I am fetching subject details of student based on name and admission_year which is getting from ajax call but ajax can not give success response so subject field can not display subject. Plz need solution how to get success message. Is there any wrong in my coding? The whole coding is shown below. script:

<script type="text/javascript">
    $('#branch_name,#class_name').on('change', function(){
    //gender_new = $('#gender_new option:selected').val();

    class_name = $('#class_name option:selected').val();
    branch_name = $('#branch_name option:selected').val();
    name=$('#name').val();
    admission_year=$('#admission_year').val();

    $.ajax({
        type :'POST',
        dataType:'json',
        data : { class_name : class_name, branch_name : branch_name, name : name, admission_year : admission_year },
        url : 'tc_search.php',
        success : function(result){
         $('#subject1').val(result['subject1']);
         $('#subject2').val(result['subject2']);

        }
    });

});
</script>

tc_search.php

<?php
include('connection.php');

$class_name=$_POST['class_name'];
$admission_year=$_POST['admission_year'];
$name=$_POST['name']
$branch_name=$_POST['branch_name'];

$query = "SELECT * FROM admit_senior WHERE name = '$name' and admission_year='$admission_year'";
$result = mysql_query($query);
$row = mysql_fetch_assoc($result);
echo json_encode($row);

?>

html:

<input type="hidden" class="form-control" id="admission_year" name="admission_year" readonly <?php echo "value='{$row1['admission_year']}' "?>/>

    <div class="form-group">
    <label class="col-sm-3 control-label">Name :</label>
    <div class="col-sm-3">
    <input type="text" class="form-control" id="name" name="name" <?php echo "value='{$row1['name']}' "?>/>
    </div>
    </div>
    <div class="form-group">
    <label class="col-sm-3 control-label">2) He/She appeared/did not appear examination:</label>
    <label class="col-sm-3 control-label">Branch Name:</label>
    <div class="col-sm-3">
    <select id="branch_name" name ="branch_name" class="form-control">
    <option selected disabled readonly>Select branch</option>
    <option value="B.A">B.A</option>
    <option value="B.Com">B.Com</option>
    </select>
    </div>
    </div>

    <div class="form-group">
    <label class="col-sm-3 control-label">Class Name:</label>
    <div class="col-sm-3">
    <select id="class_name" name ="class_name" class="form-control">
    <option selected disabled readonly>Select Class</option>
    <option value="Part-I">Part-I</option>
    <option value="Part-II">Part-II</option>
    <option value="Part-III">Part-III</option>
    </select>
    </div>
    </div>

    <div class="form-group">
    <label class="col-sm-1 control-label">1.</label>
    <div class="col-sm-3">
    <input type="text" class="form-control" name="subject1" id="subject1"/>
    </div>

    <label class="col-sm-1 control-label">2.</label>
    <div class="col-sm-3">
    <input type="text" class="form-control" name="subject2" id="subject2"/>
    </div>

Have you check the network inspector you browser?

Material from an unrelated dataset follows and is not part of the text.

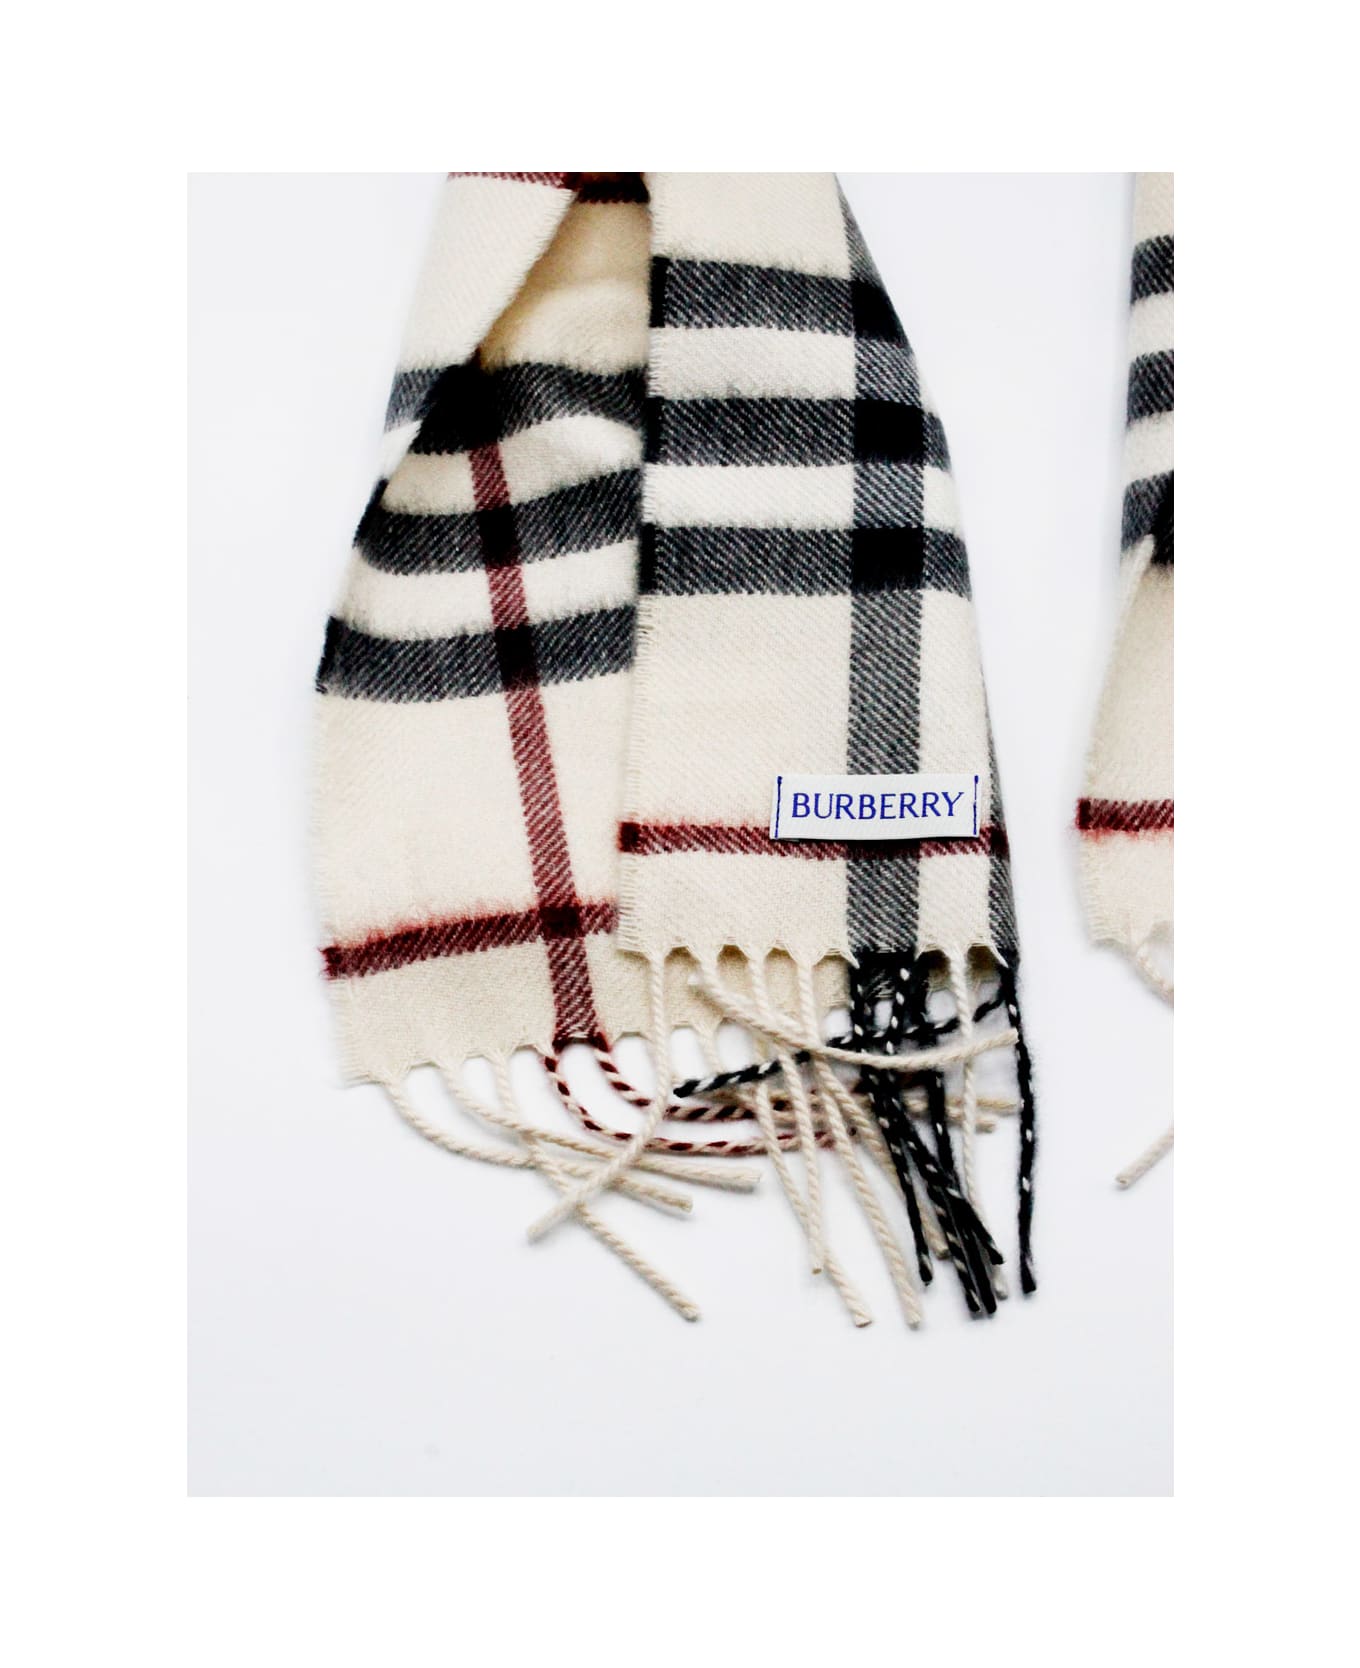 Burberry Scarf In Pure And Soft Cashmere With Check Pattern And Fringes At The Hem Measuring 130 X 20 - cream アクセサリー＆ギフト

Does the request return any error? If you are using php 7 you need to wrap $name and $admission_year with {}. — Zenel Rrushi, Sep 27 '19 at 08:04
@leli.1337 basic parsing of variables inside double-quoted strings still works the same in PHP 7, there should be no need to wrap them in { … } — 04FS, Sep 27 '19 at 08:06

devpro · Accepted Answer · 2019-09-27T10:33:55.107

1

First of all mysql_* is deprecated long time ago and closed in PHP 7.

Use mysqli_* or PDO with prepared statement, which will help you to prevent your code with SQL Injection.

Second, use mysqli_num_rows() to check either getting result or not then you can use mysqli_fetch_array.

Issue in your code is that, you are using json_encode() for your result. but fetching result like result['subject2'] which is wrong, you can get the result from json response as like

result.subject2

its better to use console.log(result) and check result in browser console for debugging.

Some useful links:

Are PDO prepared statements sufficient to prevent SQL injection?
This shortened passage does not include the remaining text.